Eoin Morgan is letting England down by not touring Bangladesh, how can he ask his team to go the extra mile now?
- One-day captain Eoin Morgan has decided not to tour Bangladesh
- Morgan has pulled out of the tour due to concerns over safety
- Sportsmail columnist Nasser Hussain believes he's letting England down
- Not going on the tour will 'undermine the batsman's authority'
- Hussain is will be in Bangladesh to cover England's tour for Sky Sports
Eoin Morgan has always been his own man but an England captain cannot stand by and watch his players do something he is not prepared to do himself. He should be with his team in Bangladesh.
Morgan’s belief in his way being right, his stubbornness and self-belief, has made him the main driving force in England’s one-day revolution over the last 18 months and that has been hugely beneficial to English cricket.
And there is no doubt that missing a tour for security reasons is very much down to an individual because, however many security measures the ECB and Reg Dickason take, they cannot absolutely guarantee anyone’s safety.
Eoin Morgan has thought long and hard before deciding not to tour Bangladesh with England
But, as captain, Morgan surely should lead by example and be on the tour with his team
But I do believe it is different for a captain. As a leader you should either be trying to convince your team and the ECB that it is not right to travel or, if the decision is made that the team should travel, then you should go yourself.
The next time Morgan asks his team to go that extra yard one of them might look at him and think: ‘Hang on, when we put our necks on the line by going to Bangladesh and took ourselves out of our comfort zone, you weren’t with us. Where were you when we were surrounded by tanks and snipers and couldn’t leave our hotel rooms?’ It has to undermine his authority.
Morgan cites a security issue in Bangalore in 2010 as a big factor in his decision. He was close to a bomb going off while playing in the Indian Premier League.
As captain, how can Morgan ask he players to go the extra mile now following his snub?
But that hasn’t stopped him going back to India since then and playing in the IPL. Is it different? Are you any more secure travelling around India with England during the one-day tour in January than you would be in Bangladesh?
I would like Morgan to explain that. I would like him to tell us why, if he was spooked about being so close to that explosion six years ago, he has continued to go back to India year after year?
But this is not a deal-breaker.
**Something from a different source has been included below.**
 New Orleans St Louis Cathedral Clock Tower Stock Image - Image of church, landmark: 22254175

Morgan is an important cricketer and I don’t think he should lose the captaincy over this. He has to realise, though, that if someone comes in and plays well, it provides a dilemma for the selectors. It will raise question marks over his right to walk back into the side.
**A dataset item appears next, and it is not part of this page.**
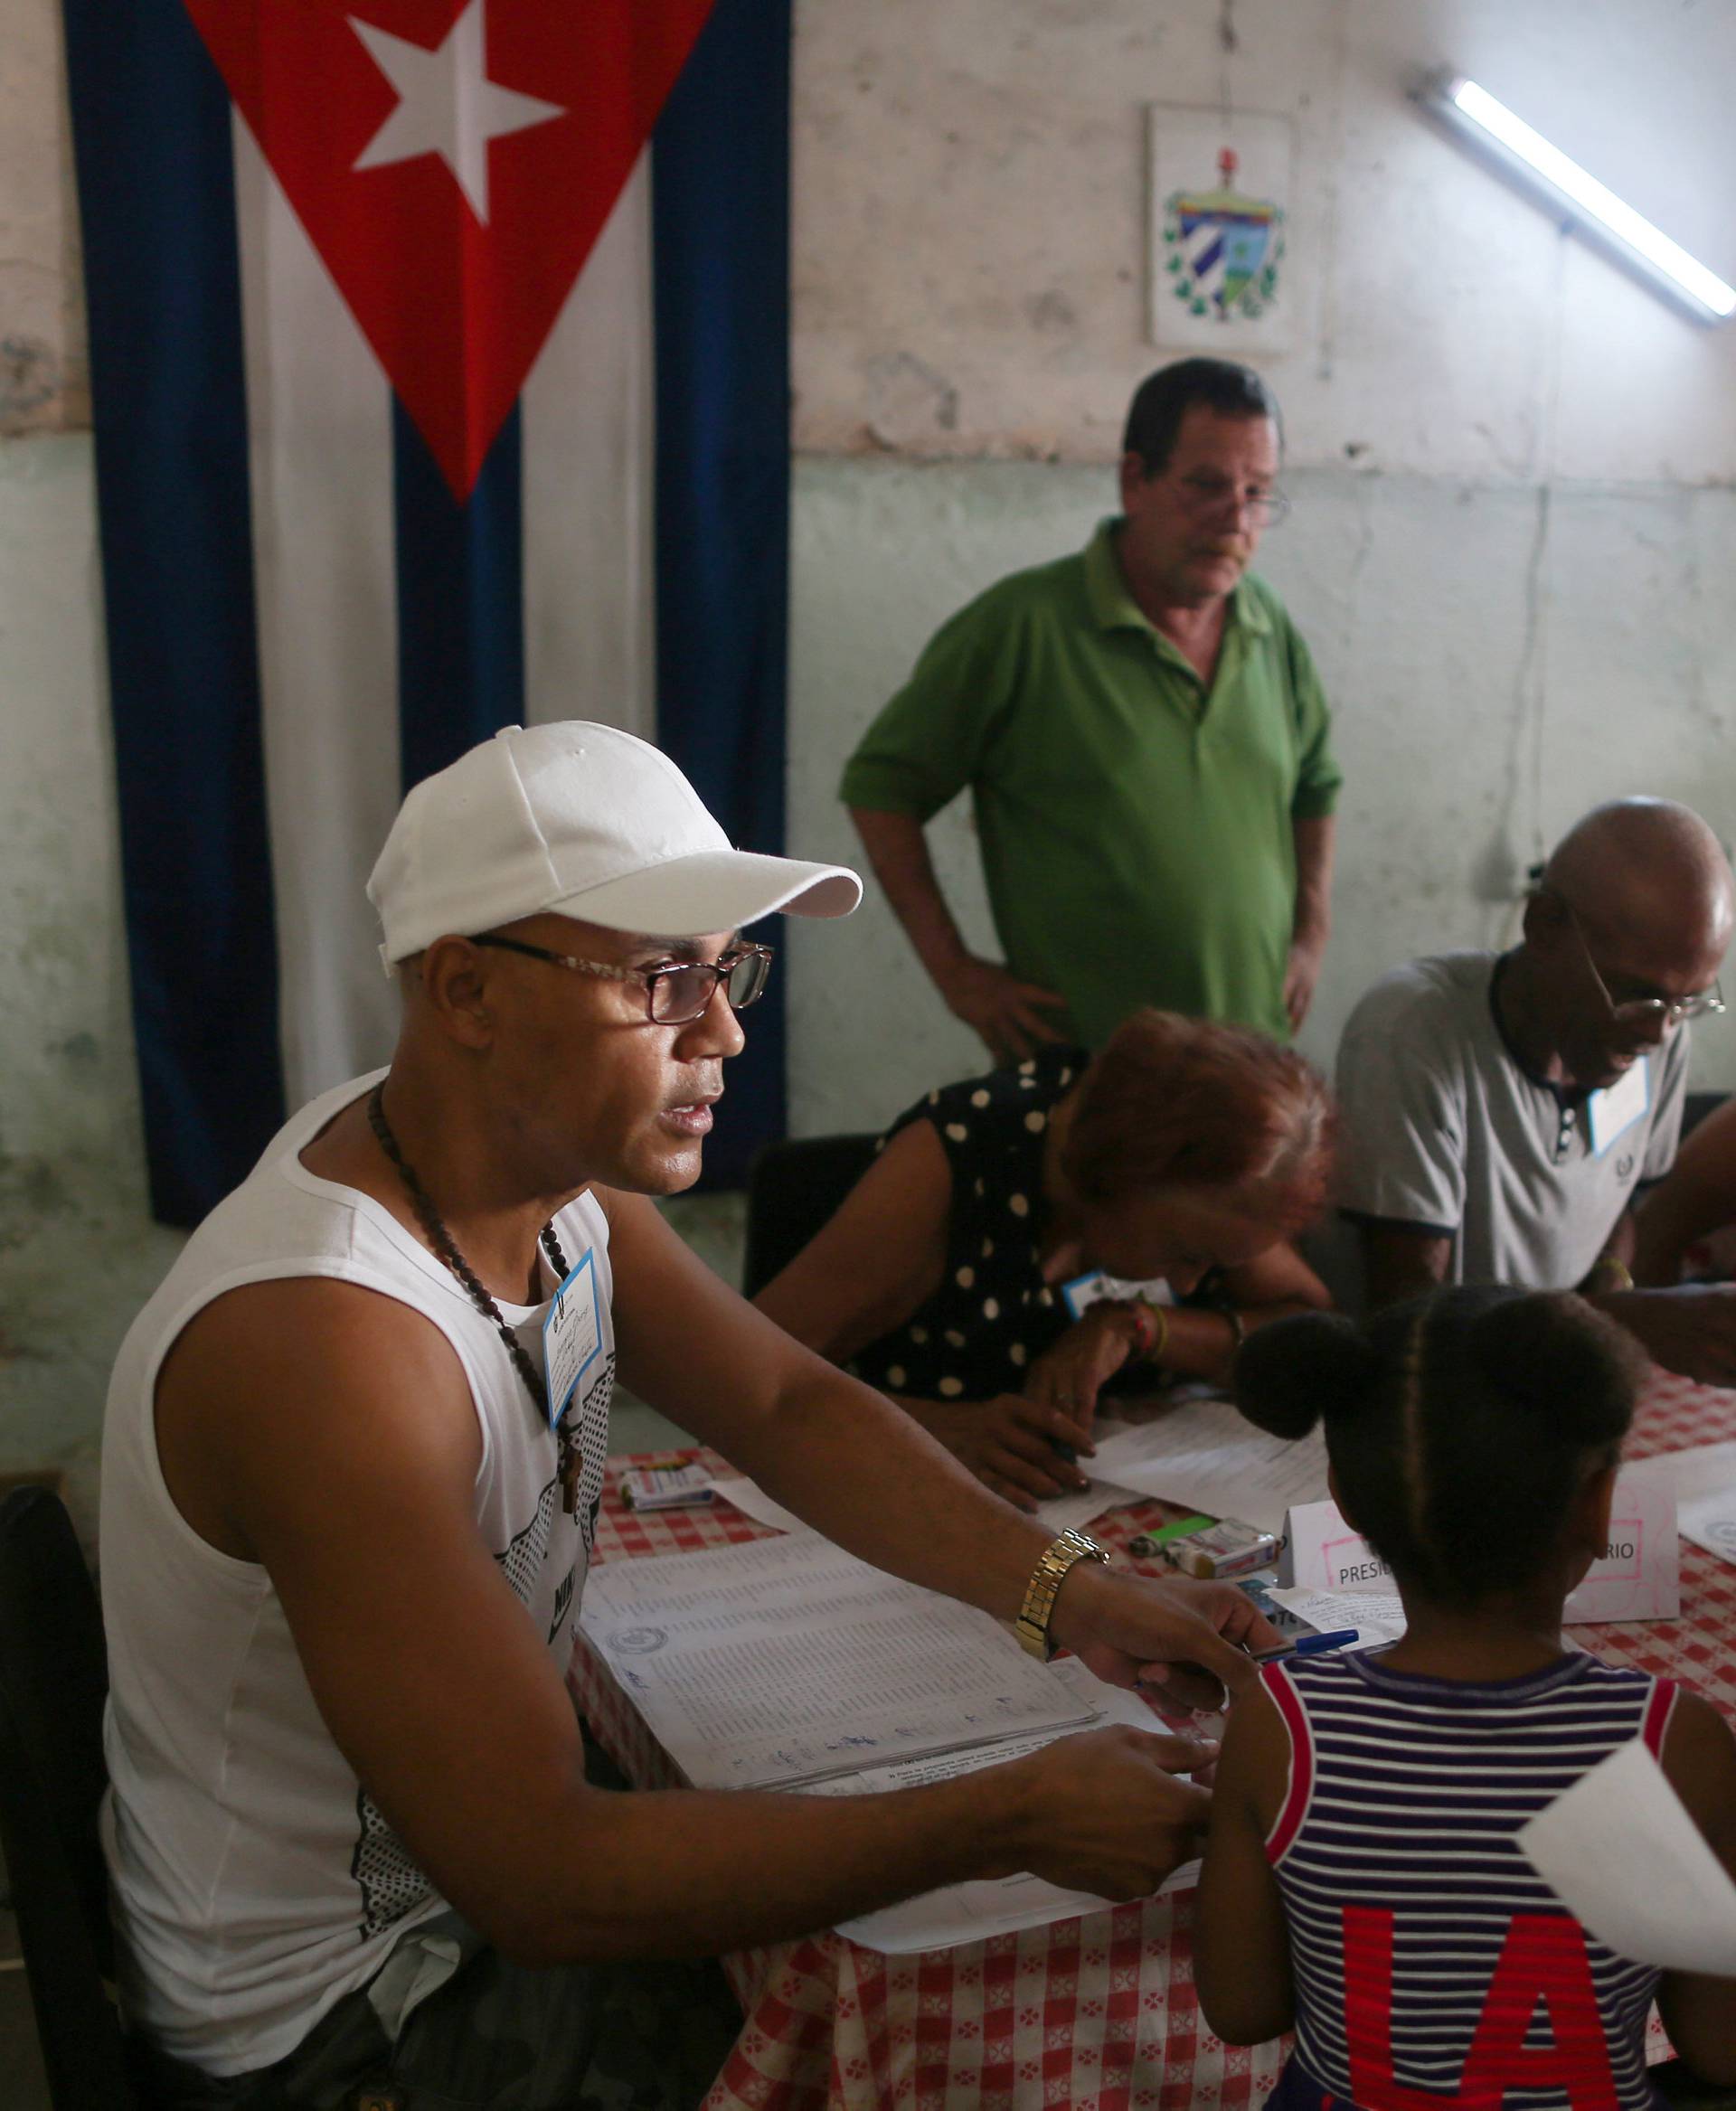 Election officials check the documents of a voter at a polling station during a constitutional referendum in Havana

If Jos Buttler does well as captain, could Morgan's place in the team then be in doubt?
If Jos Buttler does well as captain or if someone like Ben Duckett comes into the side and smashes it around, then Morgan may lose that cushion around his place. He cannot live off his captaincy as he did when he went 21 games without a 50.
This sort of situation has happened before. When I was England captain in 2001 we faced a big decision over whether to tour India a month or so after 9/11. There were a lot of concerns over security in that part of the world and Andrew Caddick and Robert Croft told me they did not feel comfortable going, which I understood and respected.
As it turned out, Croft did not play for England again, but that was not because he refused to go. It was because Ashley Giles came in for him, bowled well and took his place as our main spinner. It could happen again.
There were similar decisions to make when I was captain, India in 2001 and Zimbabwe in 2003
I was actually twice in a similar position to Morgan when I was England captain and there were major concerns over whether we should travel, firstly that time to India in 2001 and then to Zimbabwe in 2003. Zimbabwe was a political issue rather than one of safety. I felt we should not travel to play a World Cup match for moral reasons because of what was going on in that country under Robert Mugabe.
For us to have played in Zimbabwe would have condoned the Mugabe regime and, having spoken to people like Andy Flower and Henry Olonga, I recommended we pull out even though it was fudged to suggest we were not going for security concerns.
India was different but it never entered my mind that my team should go there without me.
Morgan finds himself in a different position to Alex Hales, who is also not touring
I will be in Bangladesh to cover the tour and I have no reservations about that
Morgan is not the sort of character who appears prone to self-doubt. He is single-minded, crystal clear in his thought processes, and now he has made up his mind I don’t think he will fret or question what he has done. I admire him for that. It is just that he is in a different position now to someone like Alex Hales.
I am going to Bangladesh to cover the tour and I have no reservations about that. The sad fact is that any of us could be under threat anywhere in the world, including at Lord’s or anywhere we have always perceived as safe.
If you start saying no to Bangladesh then where do you draw the line? So much of the real point and pleasure of touring and playing sport will be lost because of all the security measures, but that is a price we all have to pay.
The players will be cocooned in their rooms and will develop a siege mentality. That is a great shame but the bottom line is that if the team are going, if the ECB deem it safe, then the captain should be there.